Leveling The Lawn...
Uneven lawns can really wreak havoc when you're mowing. These "pot holes" make level mowing nearly impossible and even walking through the yard less than ideal. You can fix small low spots in the lawn by carefully removing the turf and filling in the low spot with good topsoil.

Remove the turf by cutting 2 inches deep into the lawn with a flat-bladed spade, then angle the blade under the sod to cut it free, keeping at least 2 inches deep to get most of the roots. If you do it really well you will remove a single piece of sod. After filling the low spot, replace the sod, and keep it well watered until it is reestablished.

Too Late To Seed?
By far the most common question we are getting right now goes like this, "Is it too late to plant grass seed?".  The short answer, Yes, it's too late.

Here's the long answer. Grass seed put down now will have a hard time getting the soil warmth necessary for proper germination. Even if it does germinate it's very unlikely that the roots can get established before the really cold weather arrives. Hopeless? It's never hopeless. An unusually warm November coupled with some very good luck could mean that seed put down now could make it. It is a long shot however.

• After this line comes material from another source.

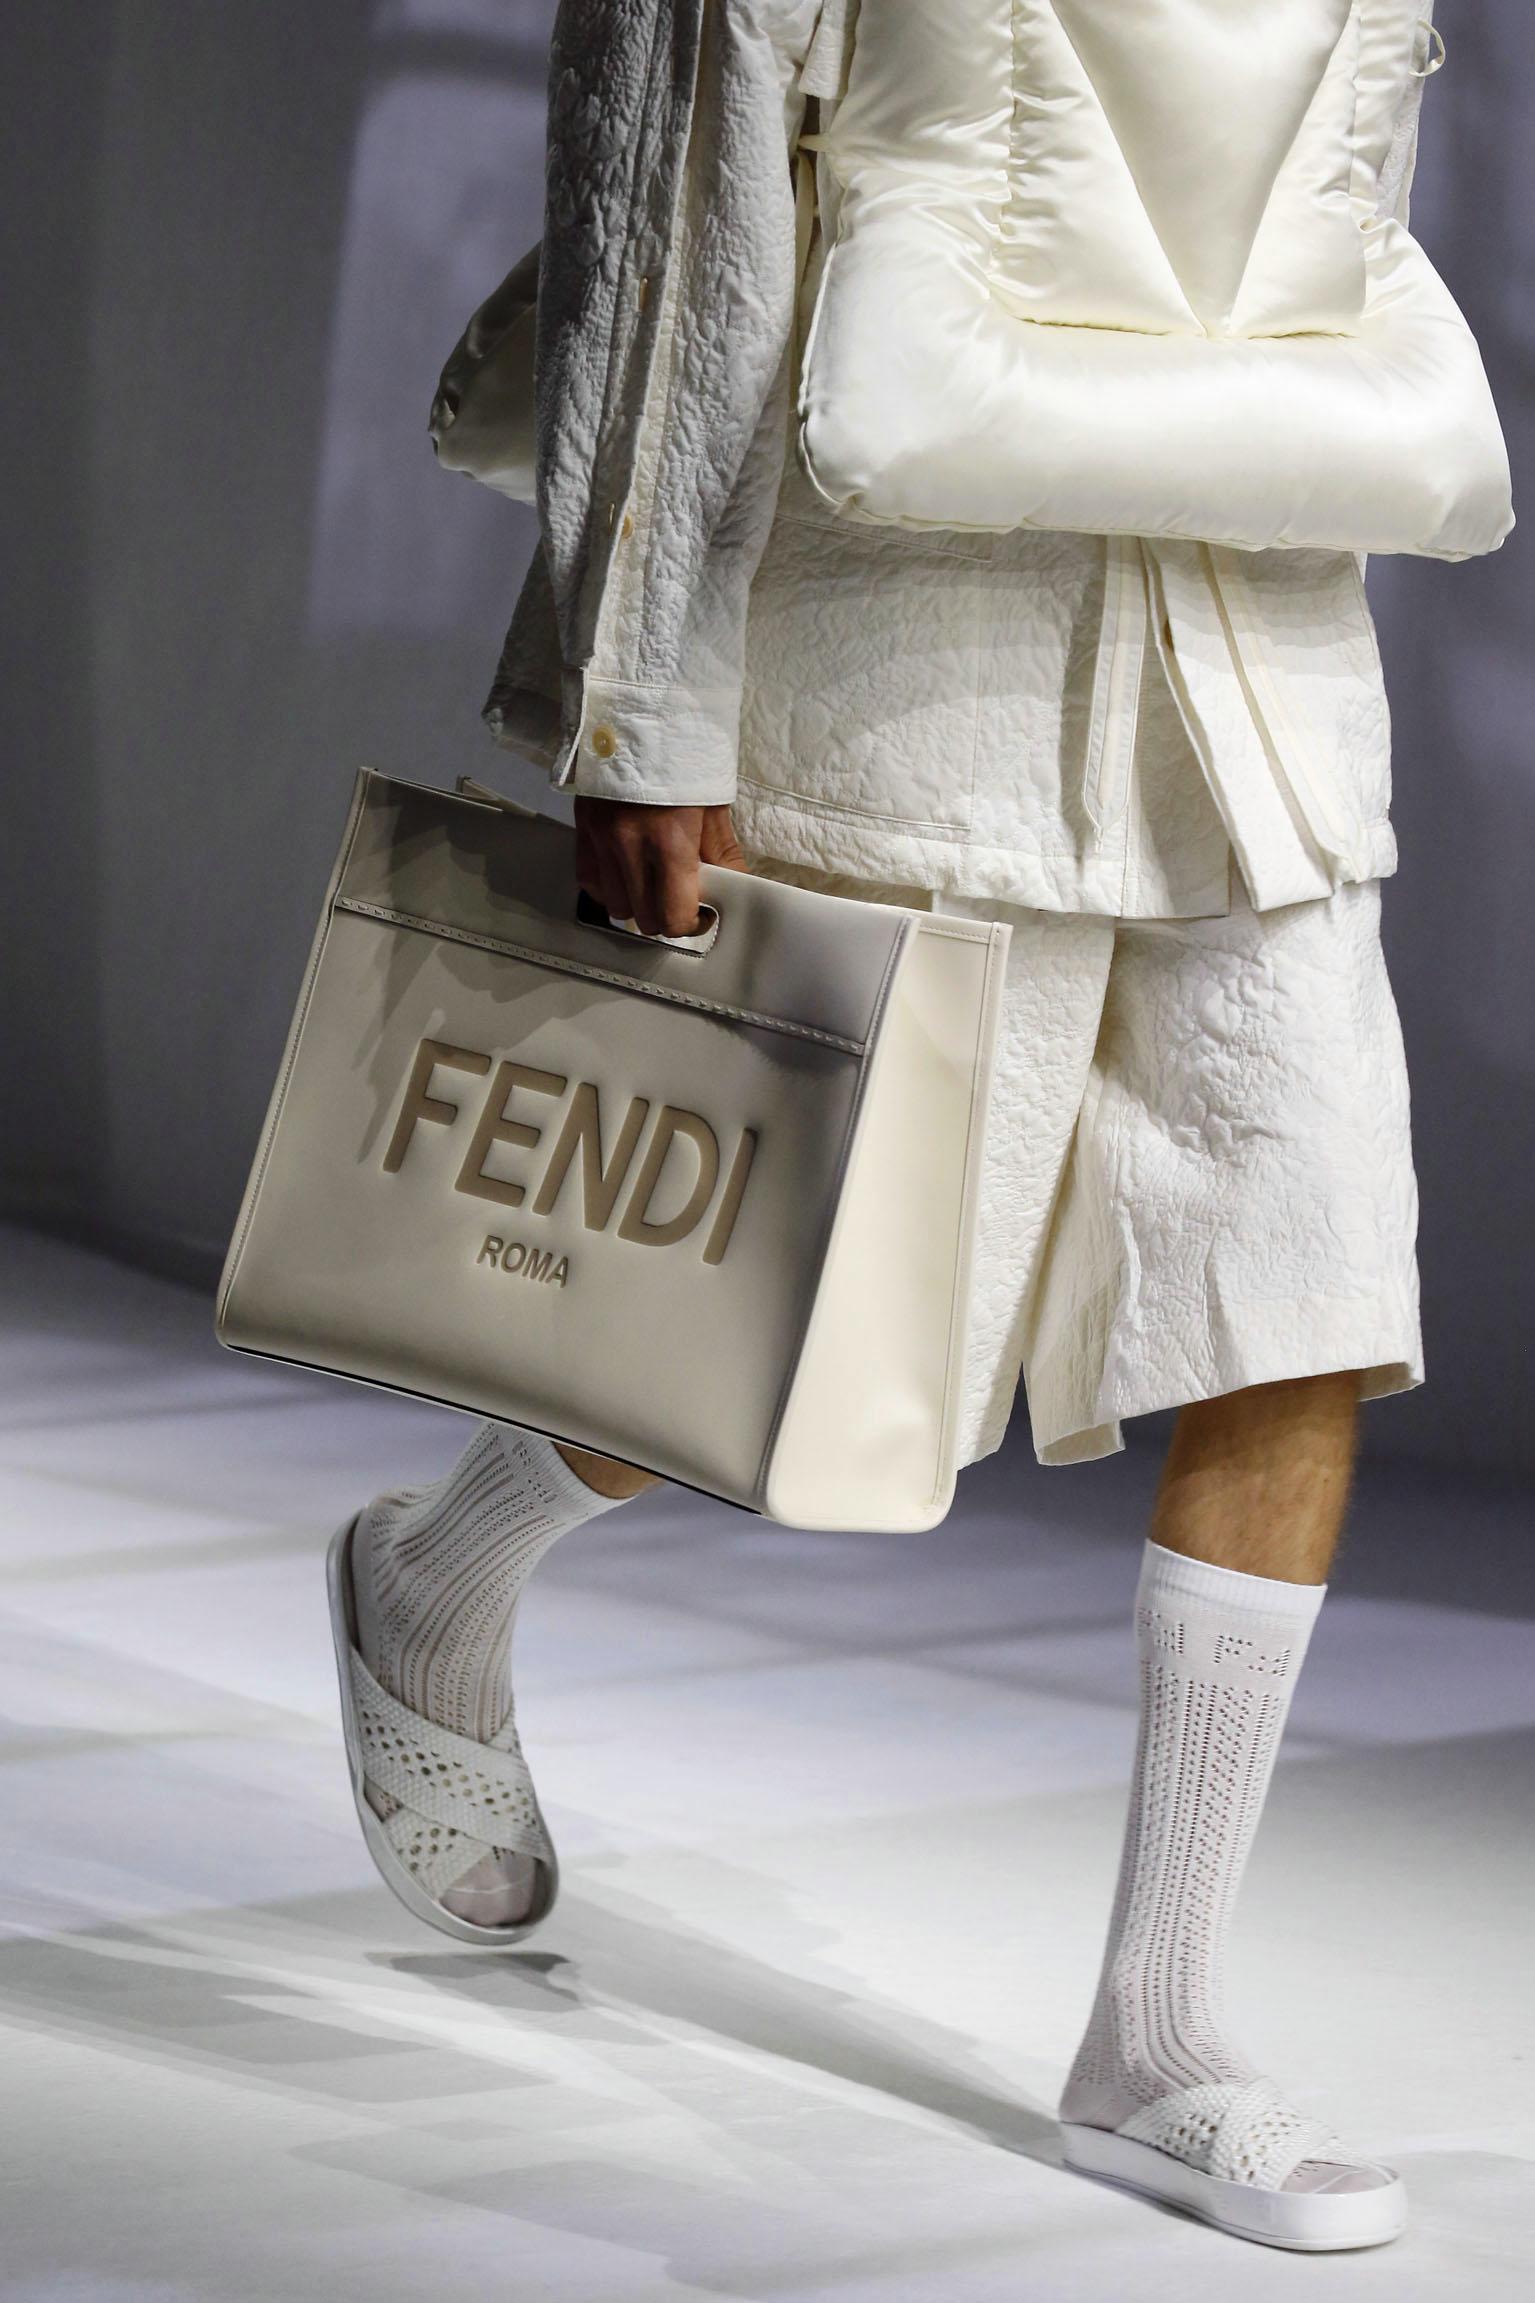 Details from Fendi Spring/Summer 2021 Show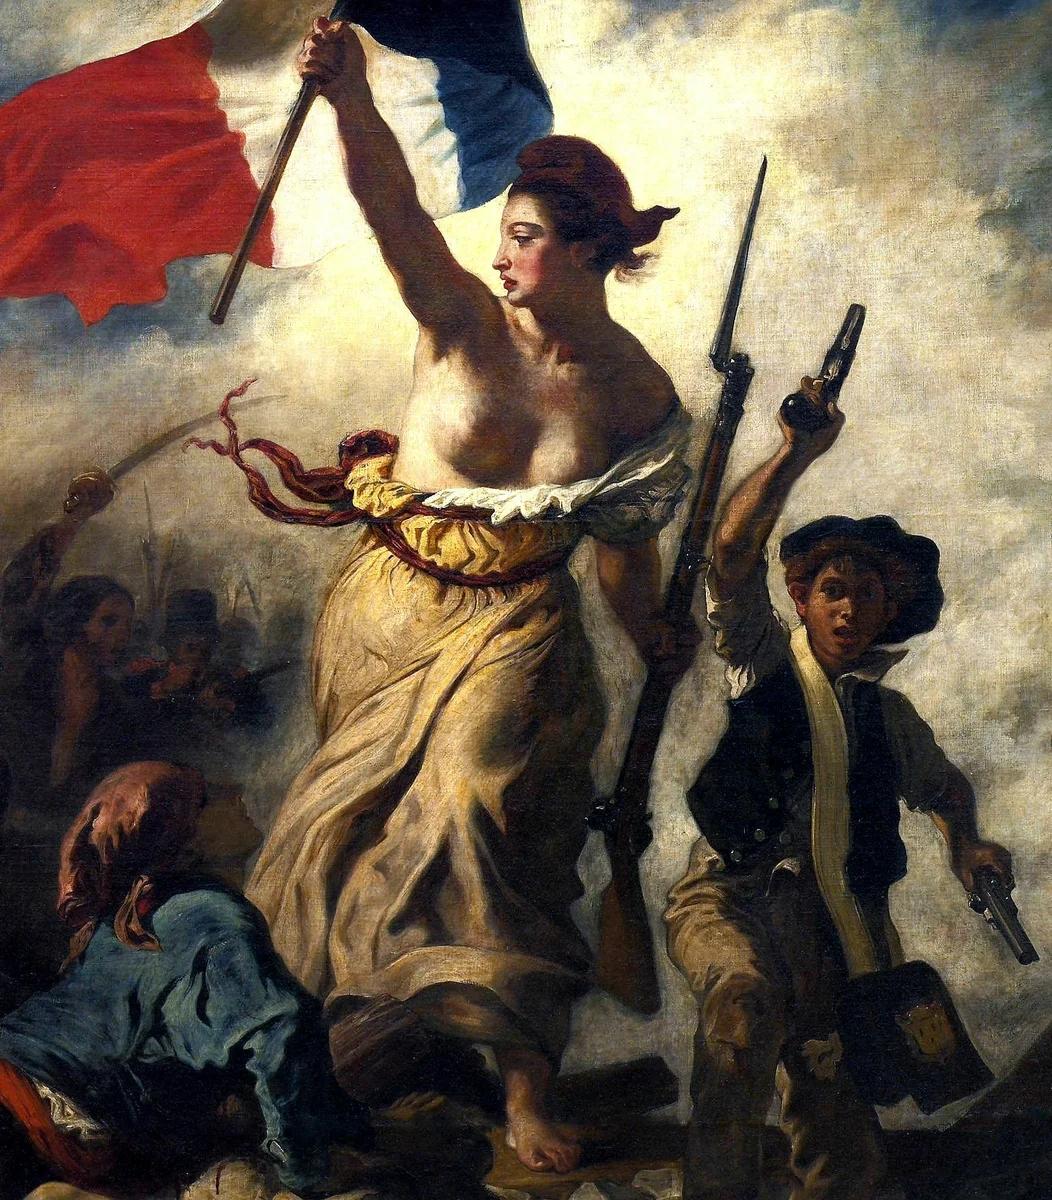 """Свобода на баррикадах"" - Э. Делакруа, фрагмент"

November Turf Fertilizing Is Best...
Nitrogen stimulates increased photosynthesis and the extra energy derived from this goes directly into growth, respiration to maintain the plant (similar to humans), or into storage. In early November, the temperature is still adequate for photosynthesis, but cool enough to minimize respiration demands and too cold for significant growth. Therefore, most of the extra energy derived from a November application of nitrogen is stored by the plant. Next spring, these storage products are used in green-up of the plant and more importantly, for root growth. It is important for the plant to take up the nitrogen quickly in the fall and store the energy for maximum root growth next spring with a minimum of shoot growth. Though one might think that nitrogen applied early next spring would do the equivalent as November-applied nitrogen, just the opposite occurs and shoot growth is stimulated dramatically with early spring-applied nitrogen. A spring application of nitrogen will never compensate for a missed application in November.


"When Clouds appear like Rocks and Towers,
The Earth’s refreshed by frequent Showers."